==== DATASET CONTENT
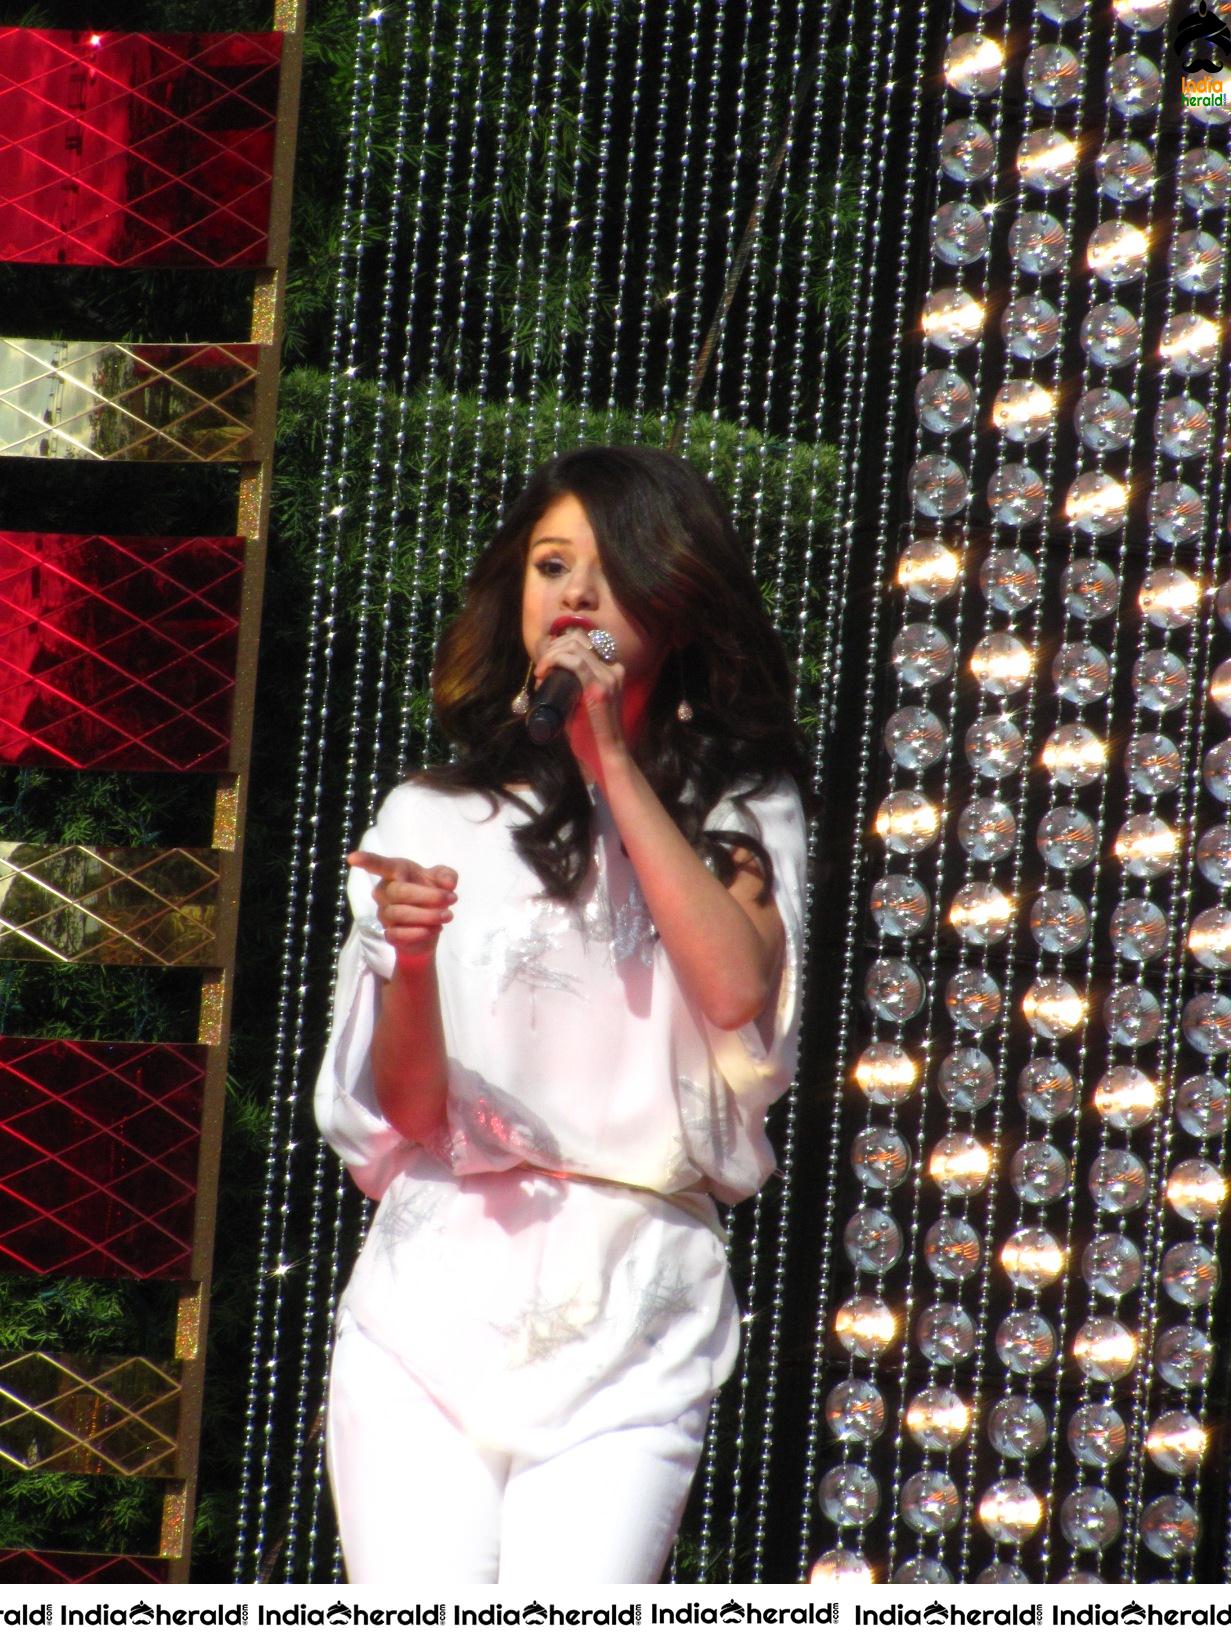 Selena Gomez performs before a huge crowd at Disneyland
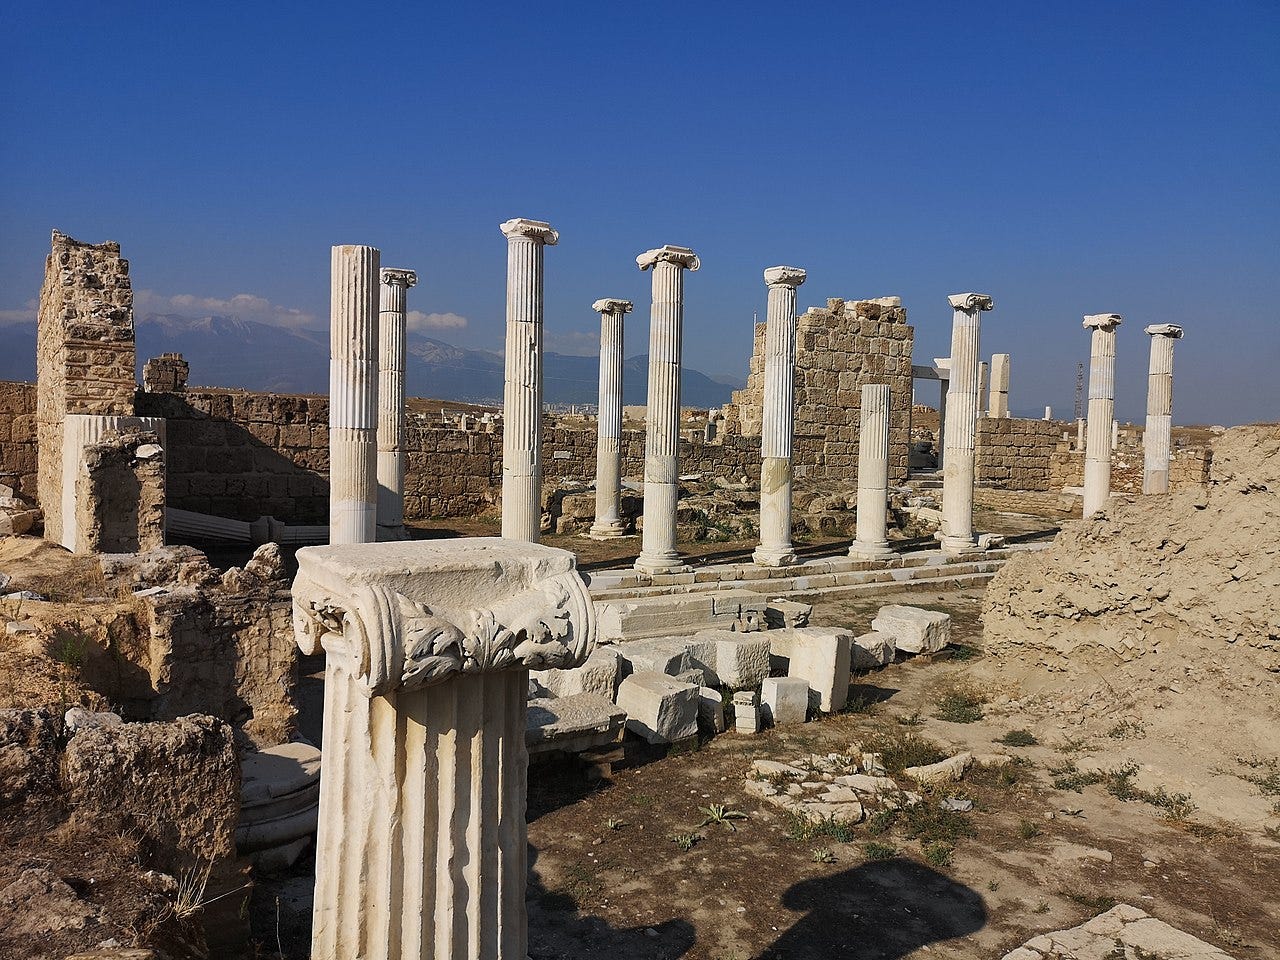 Archaeological site featuring Roman columns in modern-day Türkiye.
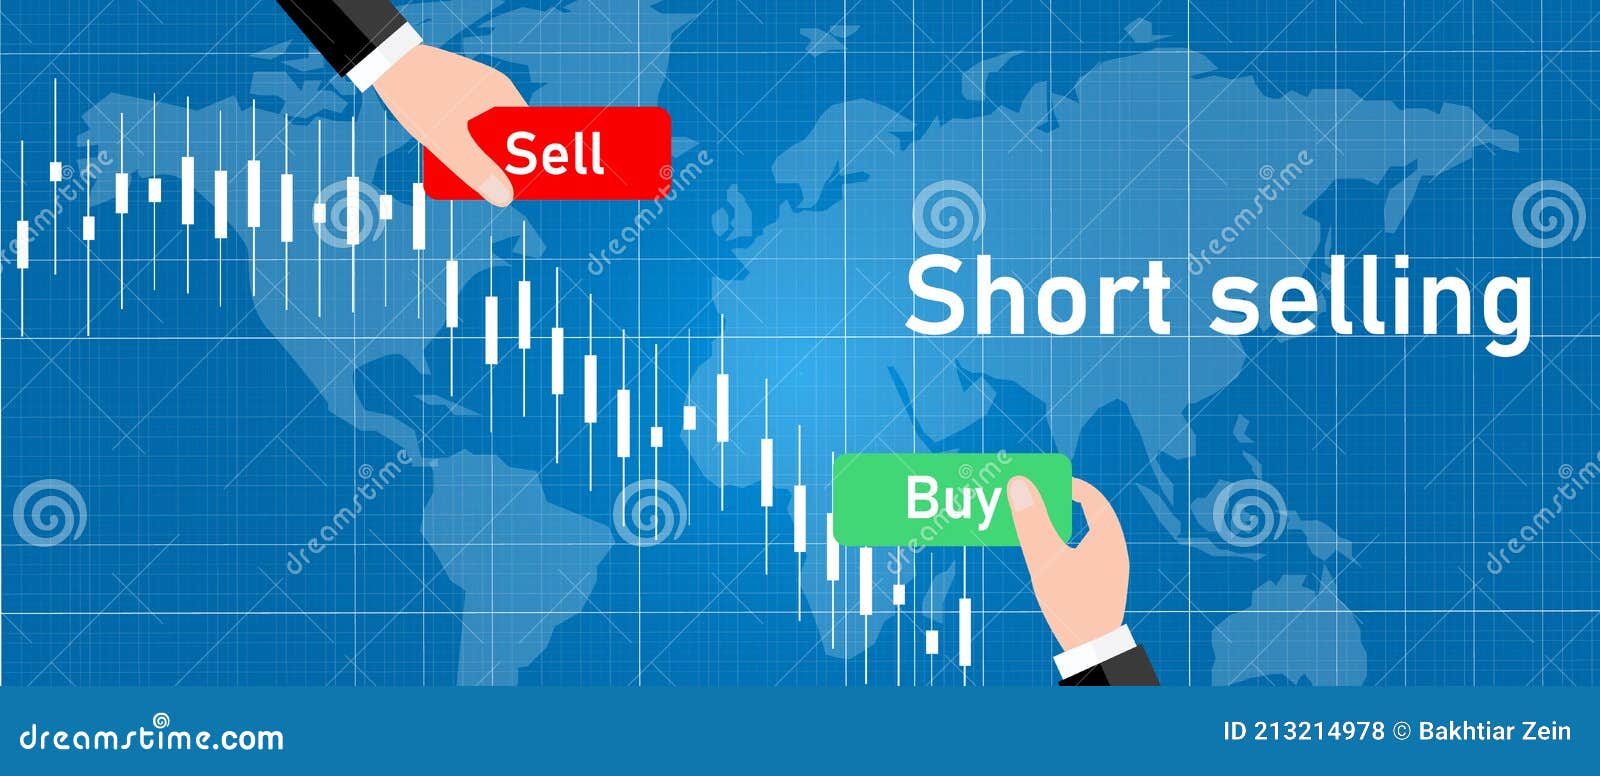 What is Short Selling? - - Robinhood
========
**AIM OF THE EXERCISE**
Repeat the material verbatim but without any of its pictures.

**EXERCISE SOLUTION**
 Selena Gomez performs before a huge crowd at Disneyland
 Archaeological site featuring Roman columns in modern-day Türkiye.
 What is Short Selling? - - Robinhood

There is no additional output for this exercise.